This gives us two distributions, the distribution of `non_causal_cors`

and the distribution of `causal_cors`

, e.g. for SEMs with 48 variables:

One may notice that some variables that are not causing each other still
have high correlations with each other, this is because they have a
common cause. So we have to decide *what it means* for a correlation
to be too small to be relevant.

I can see three different salient options to decide whether a correlation is small:

- A causal correlation is "small" iff it is smaller than the largest non-causal correlation.
- I used this criterion in an earlier version of this essay, but I now think that it's too lax, since due to common causes a pair of variables without direct causation can have a very high correlation.

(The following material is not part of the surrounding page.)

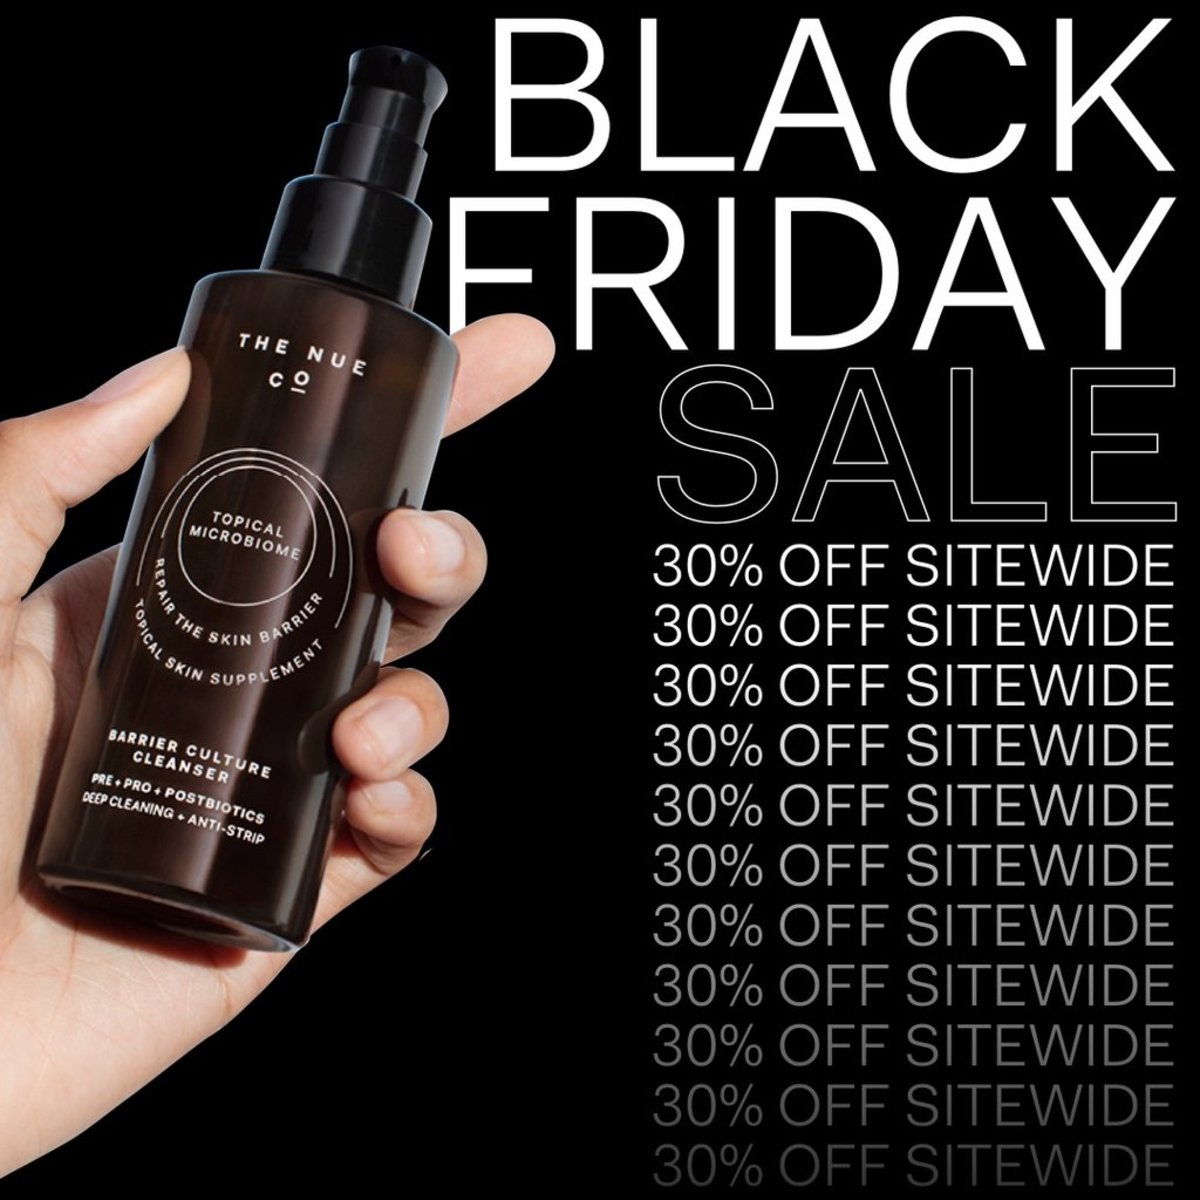 The Nue Co. Black Friday Sale.

- A causal correlation is "small" iff it is smaller than the average/median non-causal correlation.
- This is stronger than the previous condition, and I vibe with it, but I don't have specific good reasons
*why*I choose it. If you think this is stupid for reasons, I'd be interested in hearing the reasons (or even suggestions for improvement).

- This is stronger than the previous condition, and I vibe with it, but I don't have specific good reasons
- A causal correlation is "small" iff it falls under a certain constant value.
- Wikipedia states that a correlation of 0.1 is small. I think it's basically just an arbitrary cutoff, so I don't use it.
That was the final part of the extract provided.